Research In Motion (RIMM) shares were hurt by last week’s earnings miss, lowered guidance, and falling profit margins. Many investors are trying to see if RIMM will follow the path that Nokia (NOK) has taken, or if RIMM will be able to stop the bleeding, maintain its core customer base, and keep its relevance in the face of what is shaping up to be a two-horse race between Apple (AAPL) and Google (GOOG).
I feel that there is a belief in the marketplace that in the near future, there will only be two or three smart phone platforms: iPhone, Android, and Windows (MSFT) Phone. If one subscribes to that belief, RIMM will try to fight for a few years to stay relevant while overspending on R&D, lowering prices, and destroying shareholder value. If indeed that is the case, RIMM should be in the dictionary under the definition of “value trap,” because it looks good across all of the metrics at which value investors look (Price/Earnings, Price/Book, ROE etc.) but it never rewards shareholders with the cash that justifies the valuation. Under this scenario, the share price will keep falling until the company is swallowed by a competitor ... and people who thought they had a cheap stock wonder why it keeps getting cheaper.

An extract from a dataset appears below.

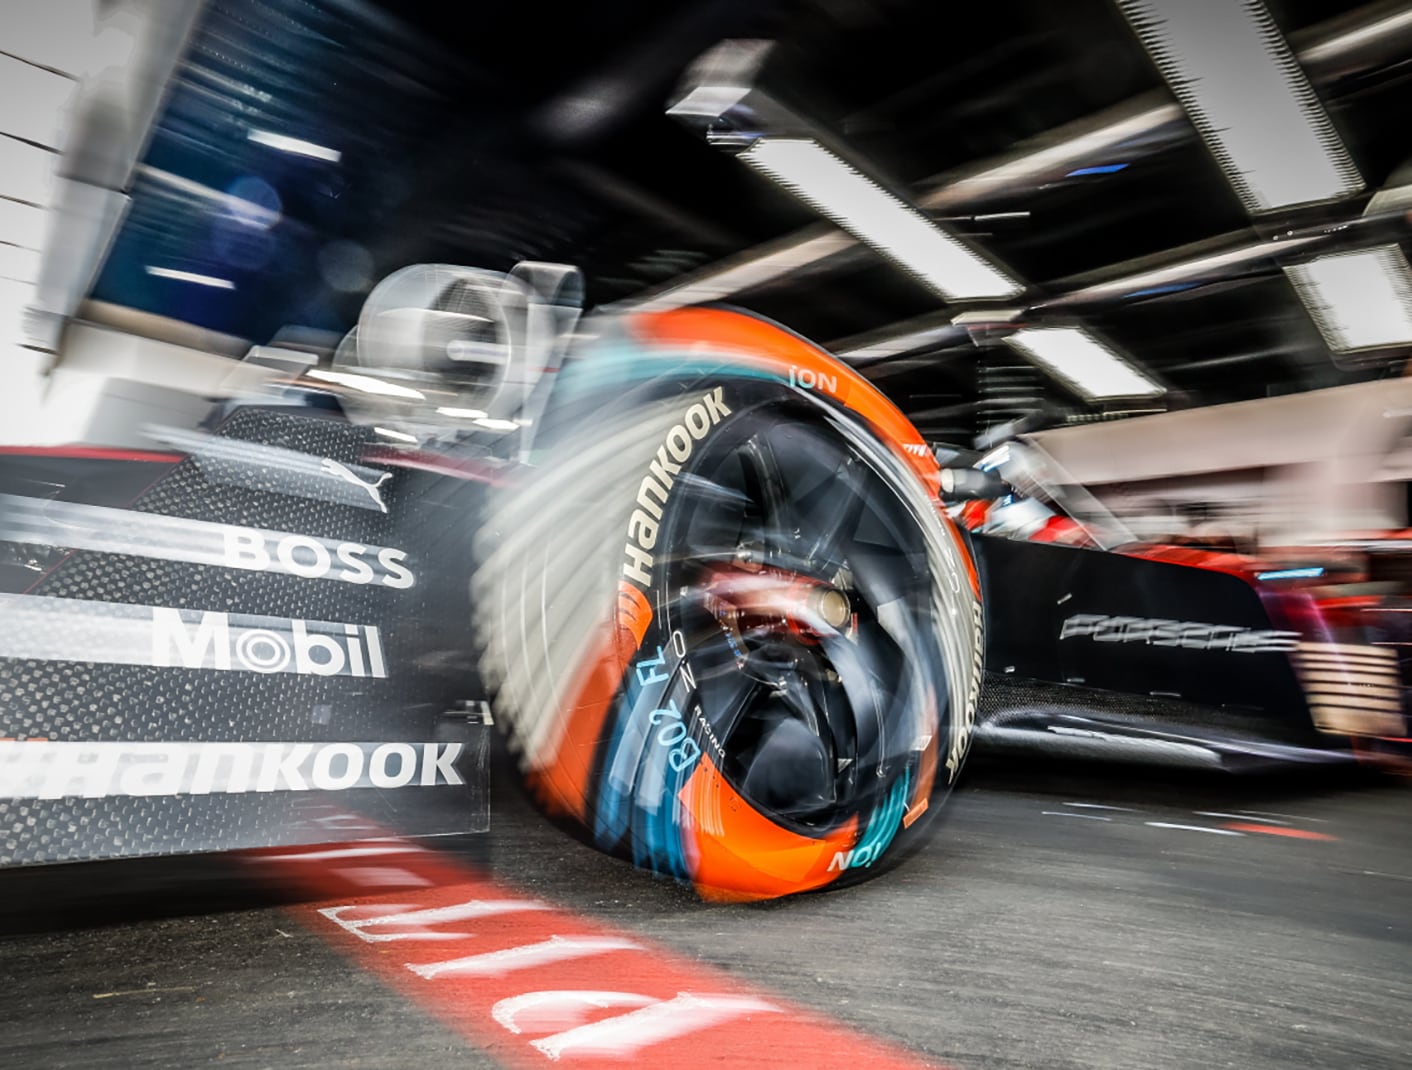 The Hankook iON Race on safari: Next stop Cape Town, South Africa, for Formula E

I do not subscribe to any of the above arguments with respect to RIMM, and I think there is a price, albeit lower than the current price, at which RIMM is an excellent value for patient investors. I will start by doing a quick Net-Present-Value analysis of RIMM and show that RIMM can be a solid investment without having to displace Apple or Google from the top of the smart phone standings. Information that I will use can be found in its June 16 earnings release or one of its previous releases.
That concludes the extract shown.